What if we have to shut down again?
What if I’m awkward trying to meet people, and I don’t remember how to be around other people?
What if I never have a “normal” college experience?What if I can’t handle college?
When we can’t know what will happen, our brains can get stuck here, becoming more controlling, rigid, or inflexible. We often get mired in worrying about all the possible worst-case scenarios, frequently seek reassurance, or try to eliminate uncertainty.
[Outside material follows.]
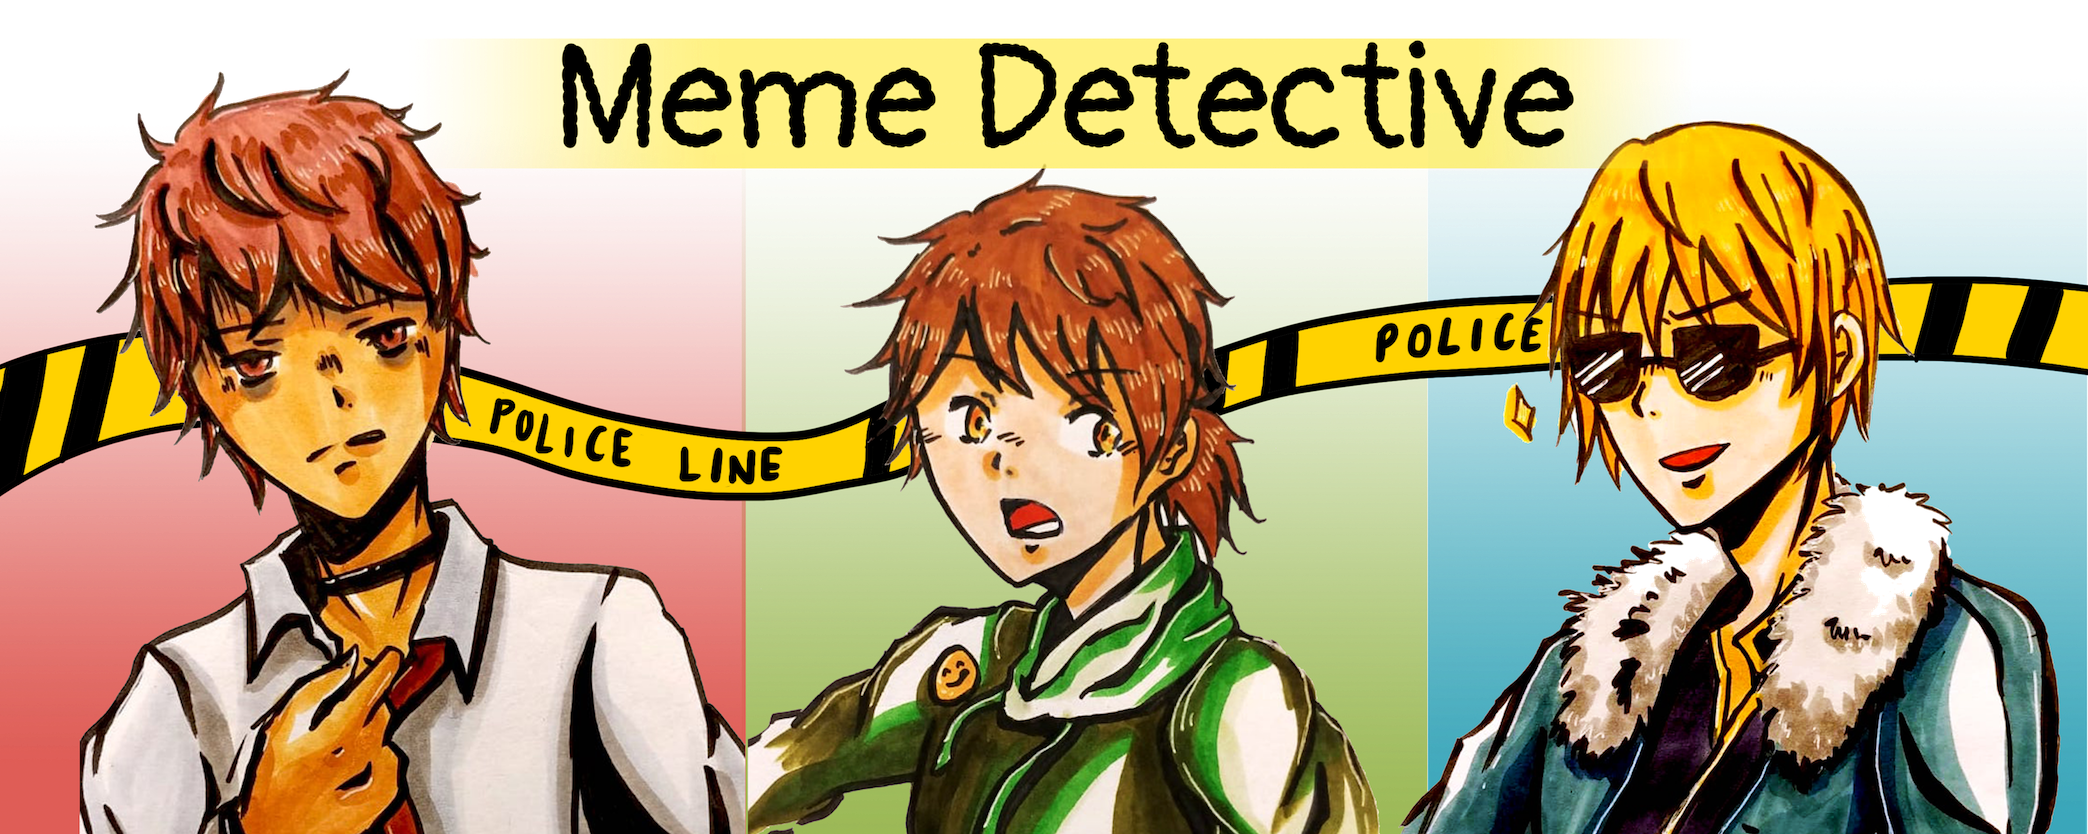 Meme Detective

Other examples of trying to eliminate uncertainty might be:
• Worrying or ruminating about the future or the past to the extent that it takes away from other experiences
• Seeking excessive reassurance from others
• Extensive list-making or including more than is realistically accomplished in a reasonable time frame
• Frequent checking: that you didn’t make a mistake, that loved ones are okay, etc.
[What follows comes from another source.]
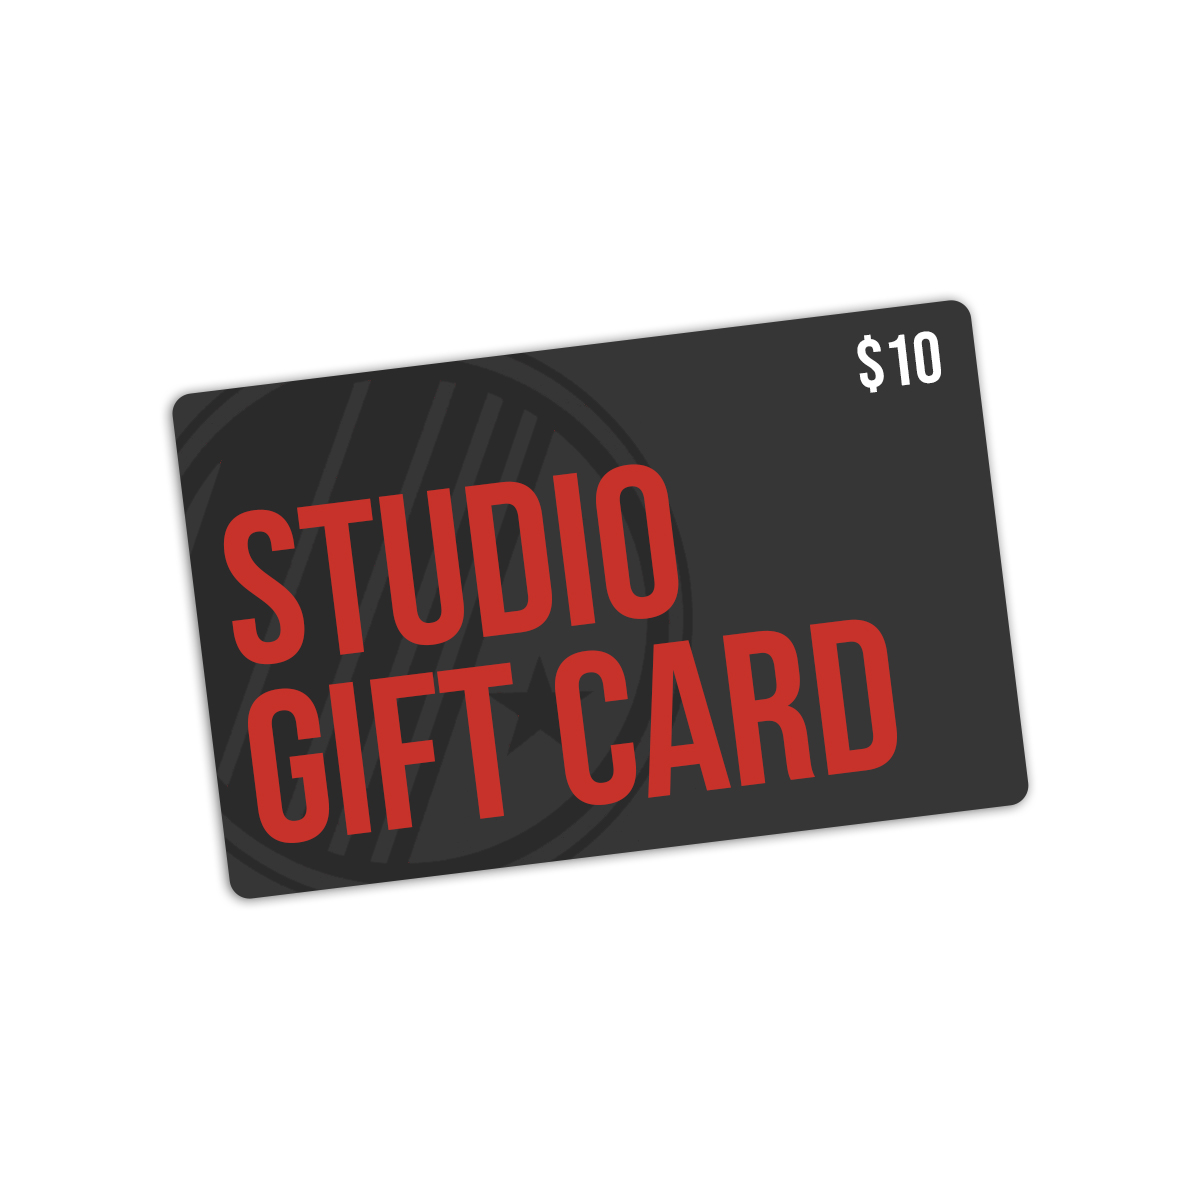 $10 Rev'd Studio gift card

• Becoming more controlling, such as refusing to delegate tasks to others for fear it won’t be correct
• Procrastinating or avoiding tasks
• Over-using distractions or keeping excessively busy to avoid worrying
Harnessing Psychological Flexibility
One of the most powerful tools we have in facing future challenges, both known and unknown, is increasing our psychological flexibility. This encompasses elements of cognitive, behavioral, and emotional flexibility, and refers to how a person: (1) adapts to fluctuating situational demands, (2) reconfigures mental resources, (3) shifts perspective, and (4) balances competing desires, needs, and life domains. 1
Cognitive and Behavioral Flexibility: Cognitive flexibility is broadly defined as the ability to shift perspective or approach in order to adapt to changes in the environment. High cognitive flexibility has been associated with psychological well-being and effective coping, whereas low flexibility, or rigidity, has been linked to poorer mental health outcomes. 2 It is essentially an executive function and is interdependent on other executive functions such as inhibition (particularly of useless or old methods of responding), shifting attention, and working memory (needed for the mental manipulation used in problem solving). Our ability to think about then adapt our behaviors to changing situations is essential both to survival and to ongoing success in long-term, goaloriented tasks (e.g., obtaining a college degree). 3
Emotional Flexibility: Emotional flexibility focuses on how we connect with and experience our emotions and engage in different emotion regulation strategies that are useful in a changing situation. We try not to control, ignore, or get lost in our emotions so that we are still able to experience them while being able to actively choose how we respond.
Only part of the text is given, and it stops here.